--- Your assignment ---
Please repeat exactly the lines below from the line with "Nefil 131人體工學椅-電腦網椅坐擁健康享受綠活無毒產品認證" to the line with "Download wallpaper x", including both, and leave out every picture.

--- Exercise inputs ---
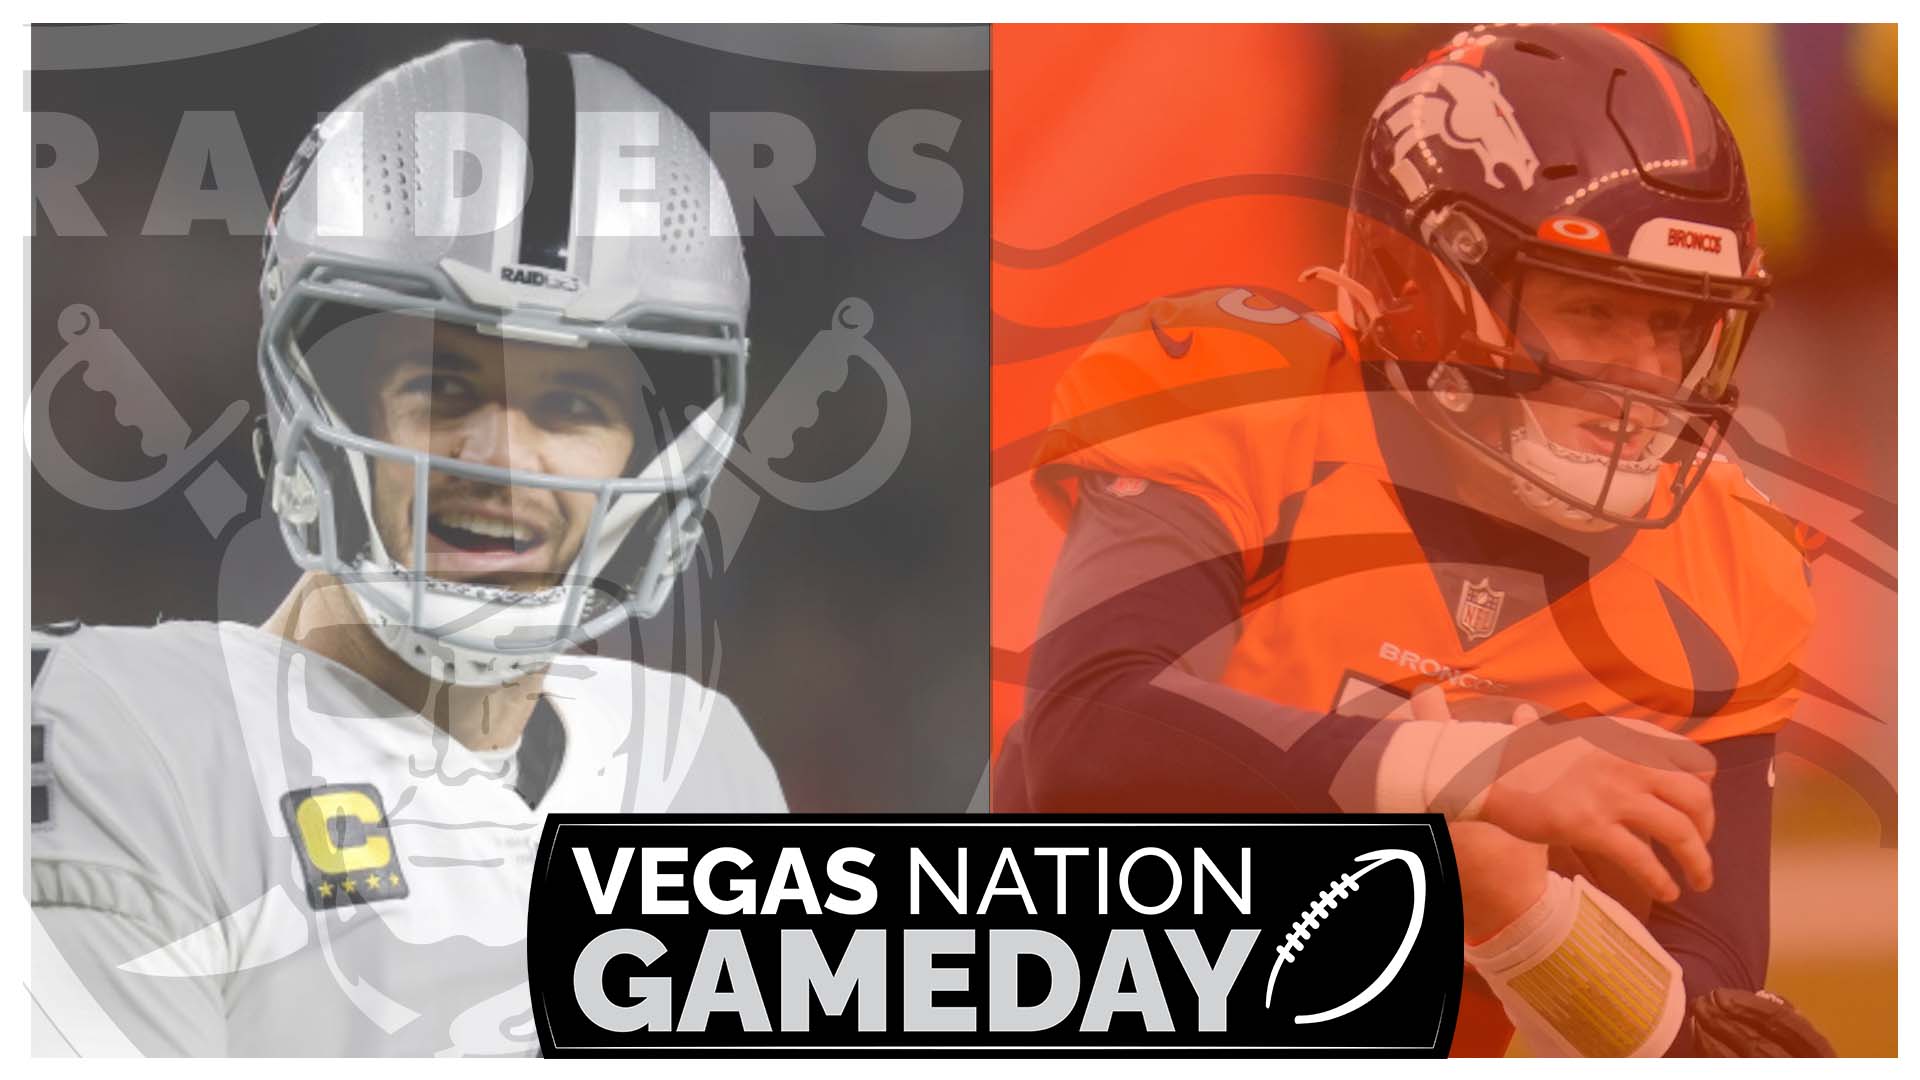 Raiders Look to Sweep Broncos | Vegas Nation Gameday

---

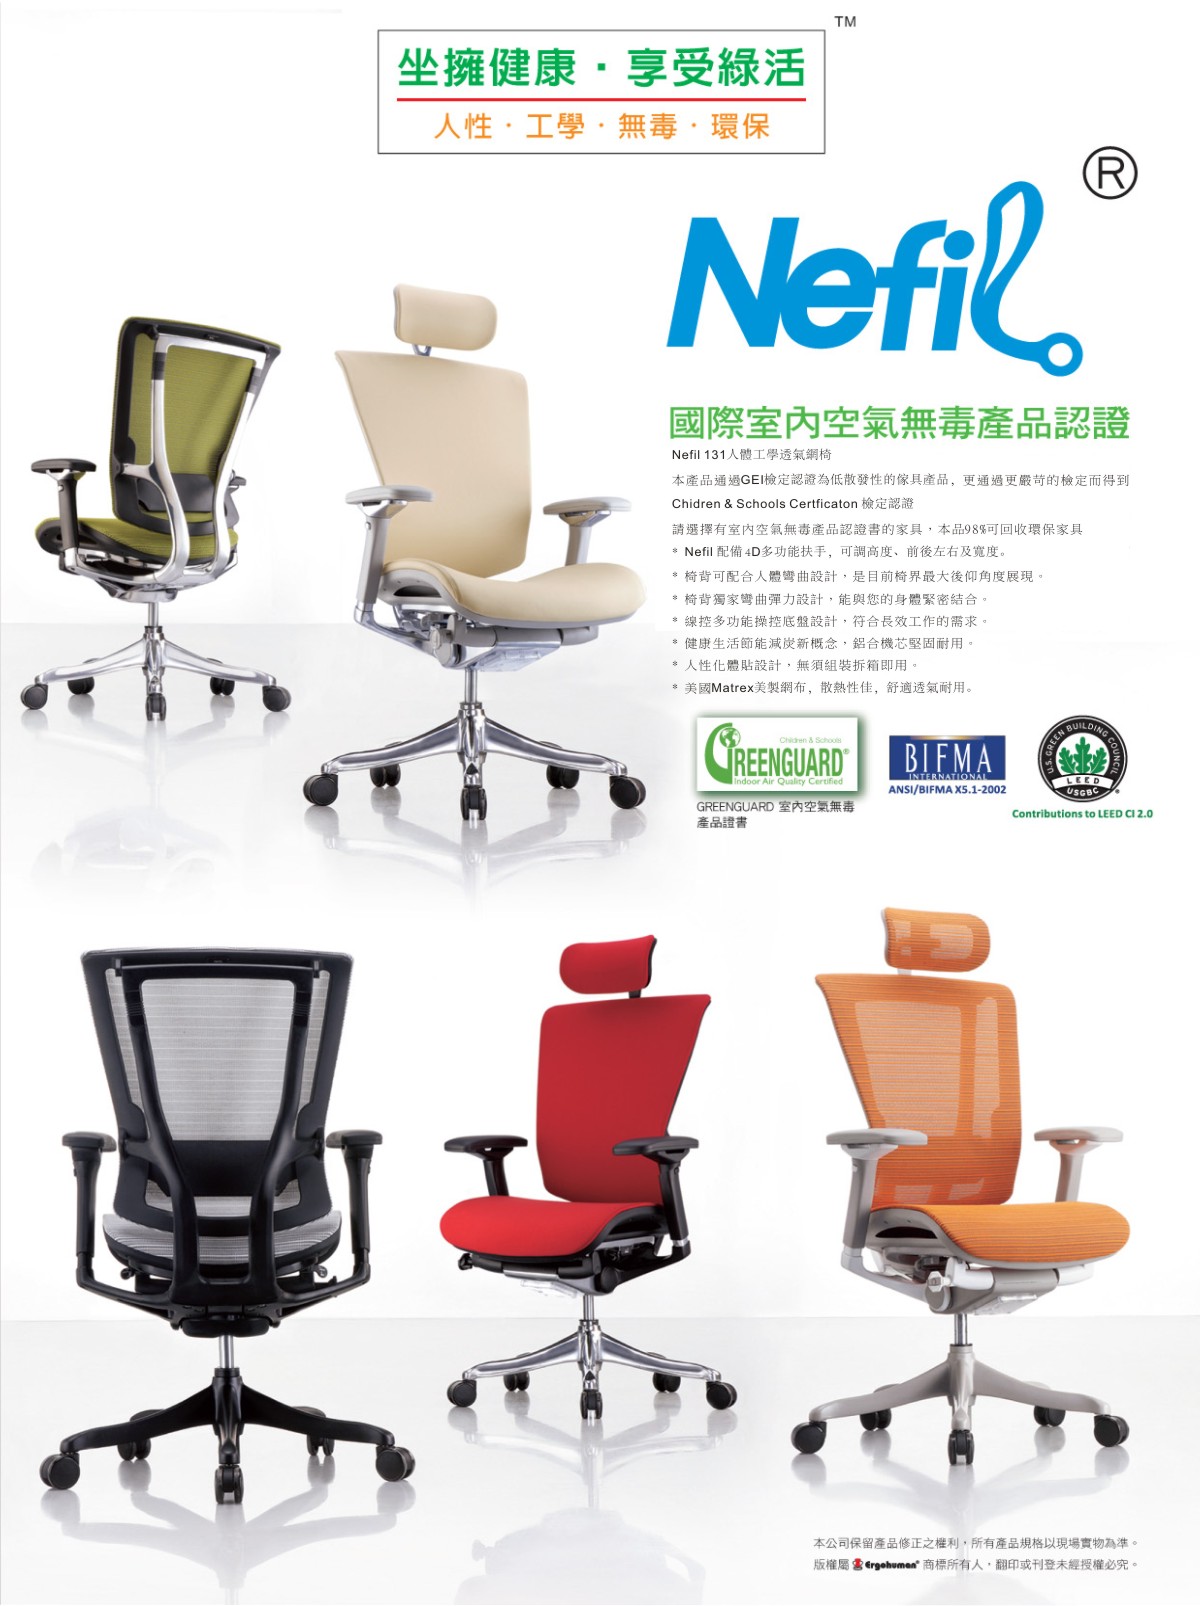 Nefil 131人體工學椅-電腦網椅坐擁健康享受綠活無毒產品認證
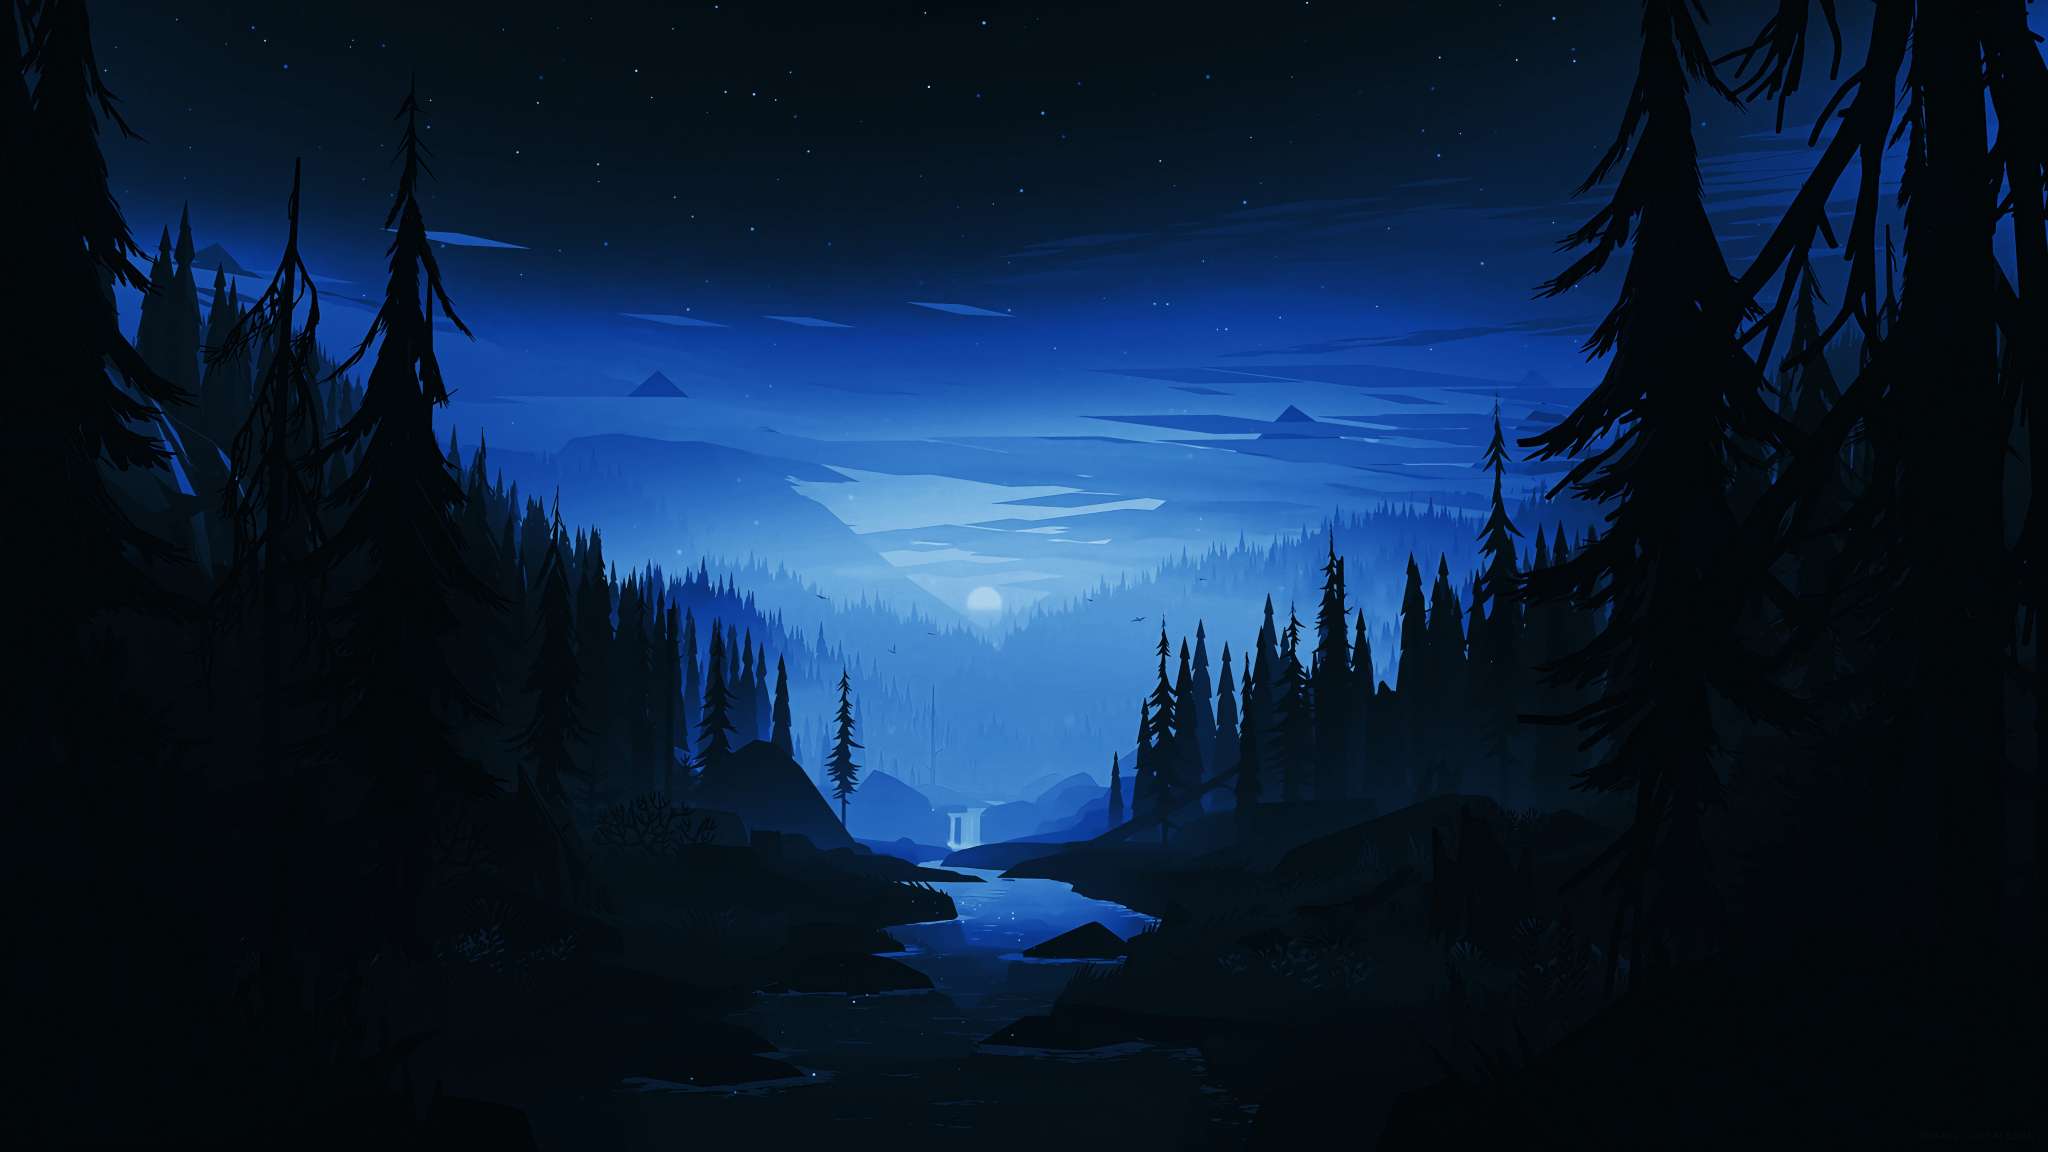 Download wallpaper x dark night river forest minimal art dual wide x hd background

--- Written solution ---
 Nefil 131人體工學椅-電腦網椅坐擁健康享受綠活無毒產品認證
 Download wallpaper x dark night river forest minimal art dual wide x hd background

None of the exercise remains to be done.